OK, clearly I worry too much. :-)
Faster tests are certainly most welcome, and I am super grateful for all the work that Steve and Brett have put into this.
--Guido
On Thu, May 17, 2018 at 3:41 PM, Carol Willing < willingc@willingconsulting.com> wrote:
Hi all,
On May 17, 2018, at 11:29 AM, Brett Cannon brett@python.org wrote:
On Thu, 17 May 2018 at 12:57 Antoine Pitrou solipsis@pitrou.net wrote:
Hi Brett,
On Thu, 17 May 2018 10:54:27 -0400 Brett Cannon brett@python.org wrote:
Since both Paul Moore and Antoine Pitrou started to ask questions about
a
side comment I made about VSTS, I might as well start a discussion
(Steve
has also *just* emailed python-committers about this topic).
The main thing that worries me is that VSTS (the service, perhaps not the basic infrastructure) is a very new thing and we don't have any visibility over its continuity, its capacity, its robustness, etc.
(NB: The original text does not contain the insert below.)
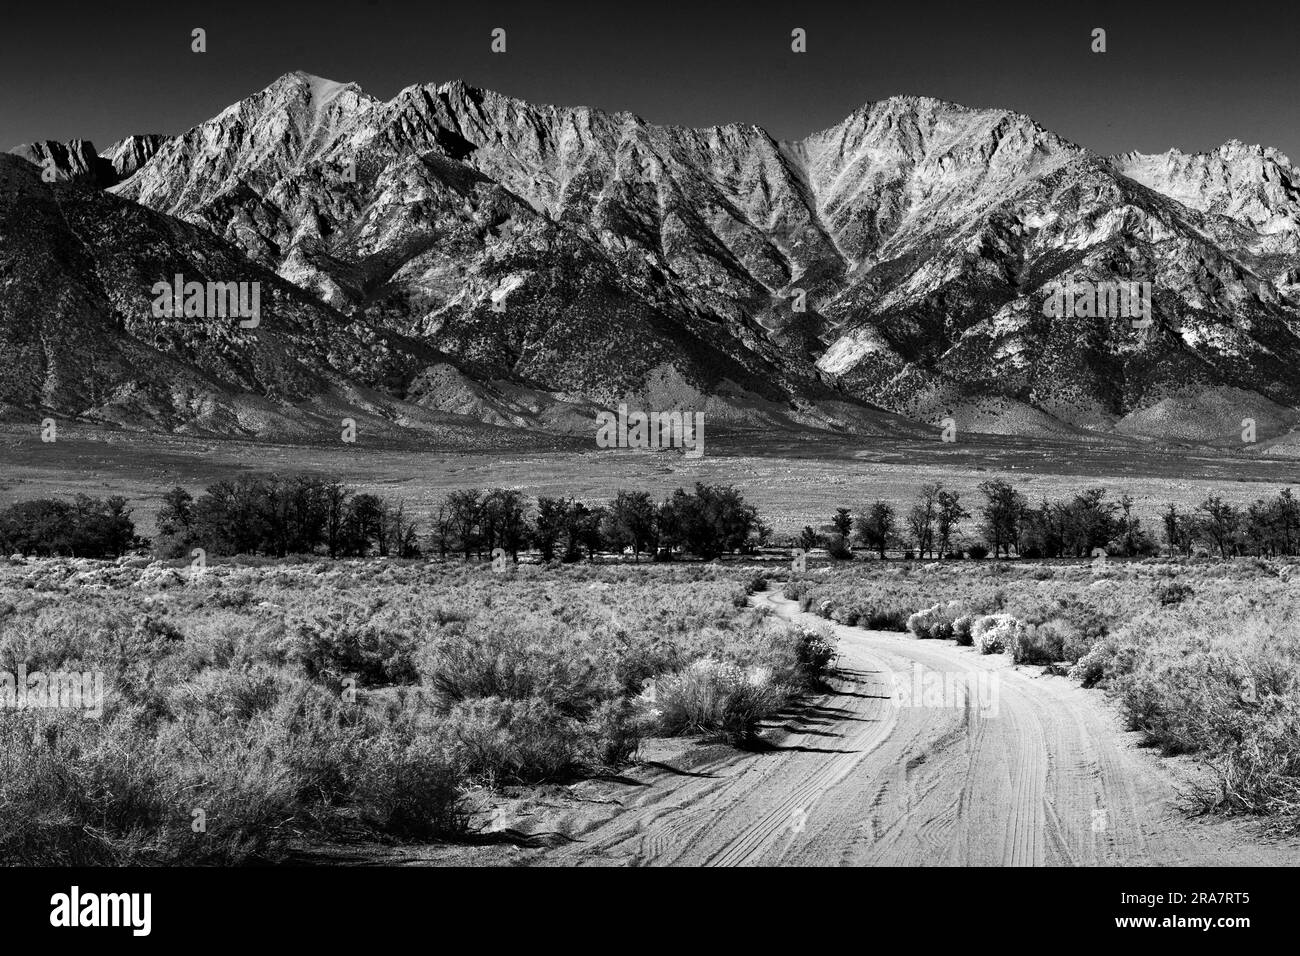 Camino de tierra blanco y negro en la llanura desértica que conduce a las estribaciones nevadas de las montañas de Sierra Nevada en la distancia en California Foto de stock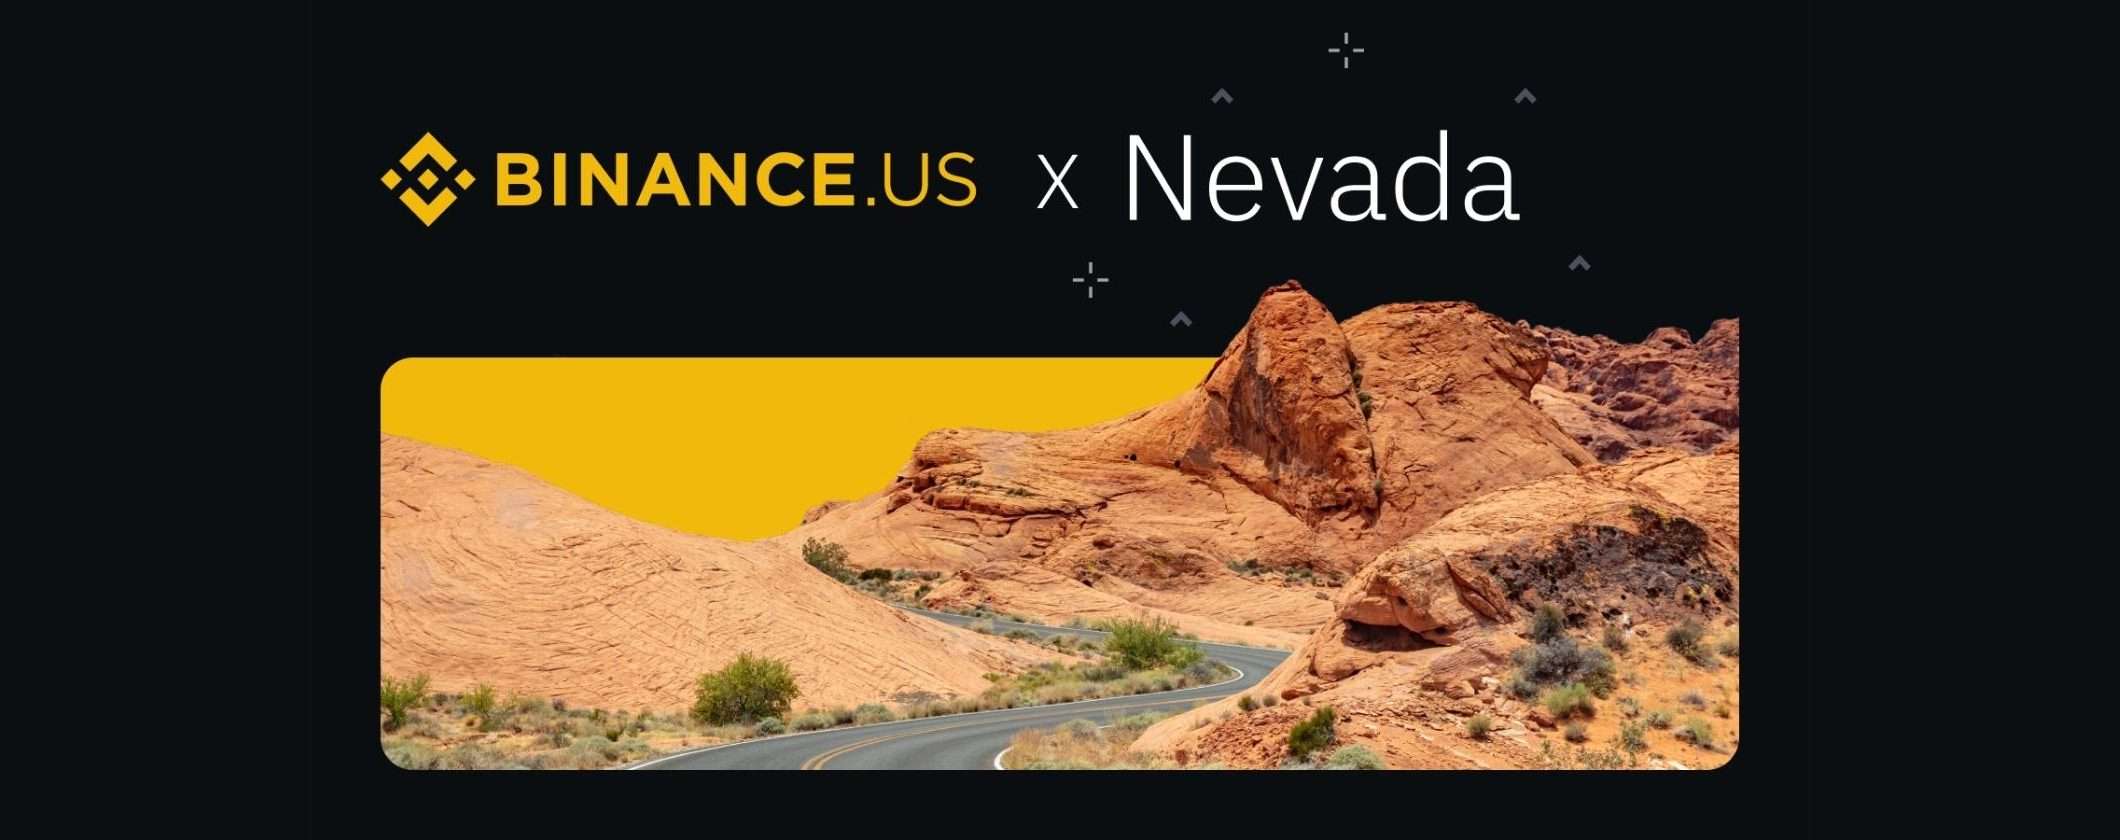 Binance approda in Nevada: ora dovresti aprire un conto sull'exchange

Actually, depending on how you measure, VSTS is older than Travis. :) So originally there was TFS which was an on-premise thing from MS released in 2005 (https://en.wikipedia.org/wiki/Team_Foundation_Server). The cloud-hosted version is VSTS and that was released in 2013 ( https://en.wikipedia.org/wiki/Microsoft_Visual_Studio#Team_Services). Travis it turns out was founded in 2011 (https://en.wikipedia.org/ wiki/Travis_CI).
And if it makes you feel any better, all of MS runs on VSTS, e.g. Windows, Visual Studio, Office, etc. So it's only "new" from the perspective of anonymous access and thus being usable for open source projects in general.
Travis-CI and AppVeyor, with all their defaults, have been in this space for some time, have a lot of existing customers and we can expect some amount of stability in the future (of course, there's no guarantee).
So I'd like it if didn't ditch *all* of the non-VSTS CI. Not for now anyway, we can of course revisit the decision in 2 years :-)
If that's how people end up feeling in general then that's fine and we can leave Travis and/or AppVeyor in place and simply not make them required so they don't hold us up if VSTS turns out to run faster.
I had a long discussion with Steve at PyCon about VSTS. The benefits seem promising.
Perhaps a reasonable step forward is to run Travis, AppVeyor, and VSTS as required for 3 months or 6 months. This would give everyone a view into using VSTS.
After the initial period, we could then revisit what makes sense in the longer term. Which could be to continue using and requiring all; use all but perhaps relax the requirement for passing; or to choose one preferred combination of tools.